To supplement the analysis, we identified a cohort of age-matched HCs meeting similar inclusion and exclusion criteria. HCs were included if they had an available serum ferritin between the same time interval (1/2013-12/2023). Patients were excluded if they had a known diagnosis of inflammatory bowel disease (to minimize confounders of bleeding and inflammation) or CRC. CRC patients were identified by the ICD-10-CM codes above and inflammatory bowel disease patients were identified by ICD 10 codes for ulcerative colitis (K50) and Crohn’s disease (K51).
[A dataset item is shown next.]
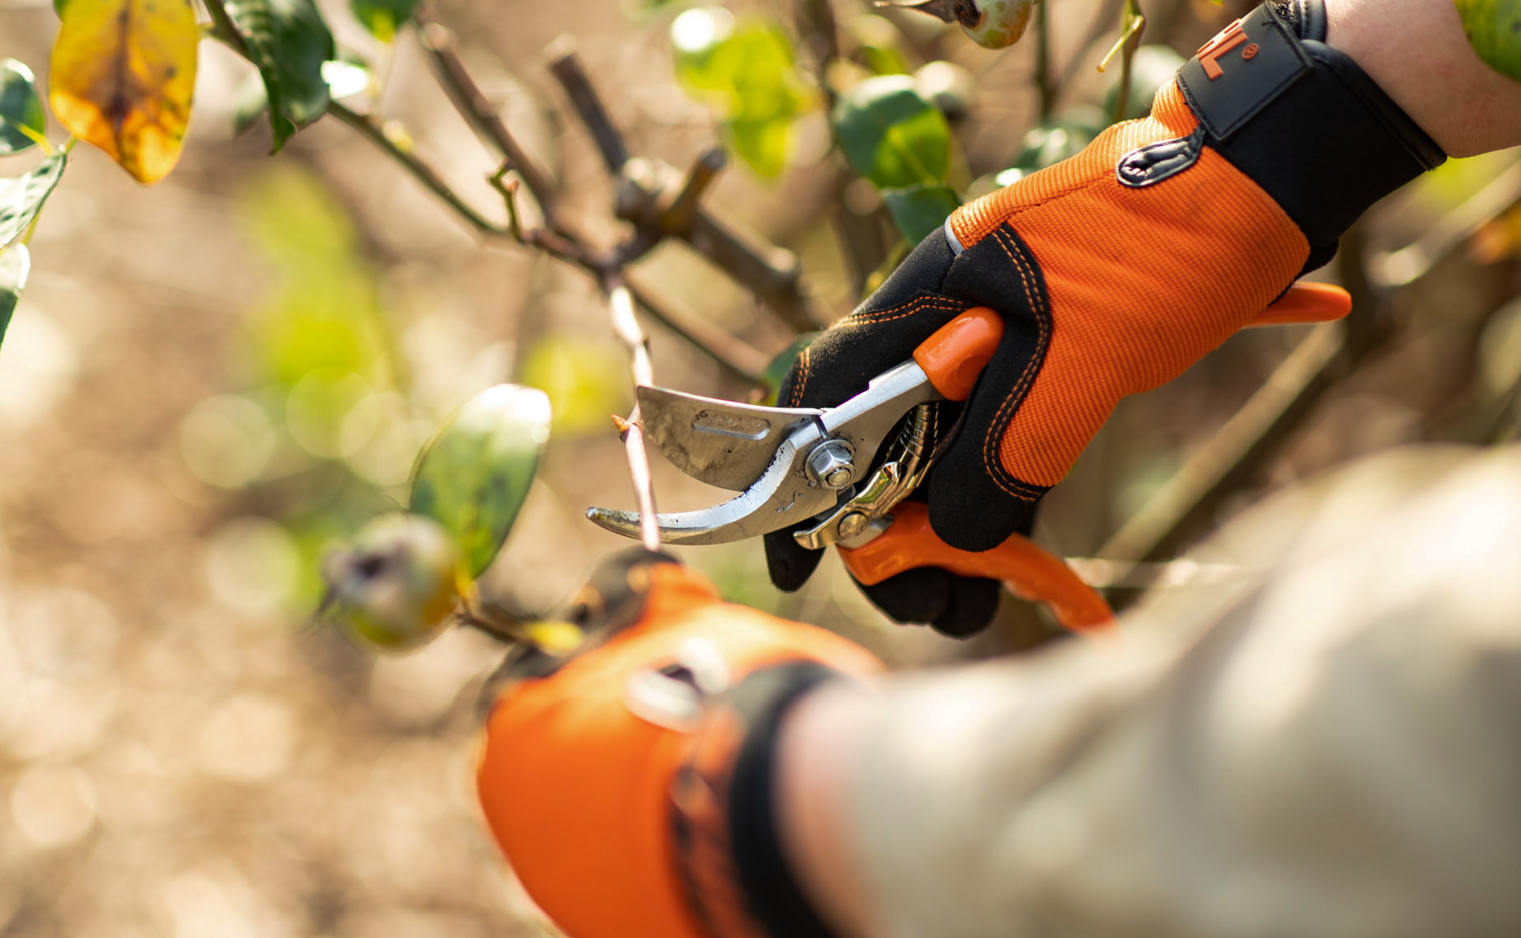 Preparing your garden for Spring

Patient demographics, including age and sex, and pertinent laboratory variables including serum ferritin, hemoglobin, and mean corpuscular volume were ascertained. For the EO-CRC cohort, the closest available serum ferritin level obtained before diagnosis was selected if multiple levels were available. Furthermore, if a patient required intravenous iron, the serum ferritin value before the infusion was used. Cancer-specific variables including date of diagnosis, American Joint Committee on Cancer (AJCC) staging, and months from diagnosis to serum ferritin check were also obtained.
For the HC cohort we conducted a comprehensive search of our patient database to identify individuals with serum ferritin levels falling within four predefined ranges: ≤ 20.0 ng/mL, 20.1-45.0 ng/mL, 45.1-100.0 ng/mL, and > 100.0 ng/mL. Given the large sample size and the possibility of patients having multiple serum ferritin levels over time, it is acknowledged that some individuals may have been counted in more than one category. Our aim was to include a comprehensive HC group that represented a diverse sample of the population. Therefore, all patients meeting the inclusion criteria within the specified ranges were included in our analysis. This approach ensured the inclusivity and representativeness of our HC cohort.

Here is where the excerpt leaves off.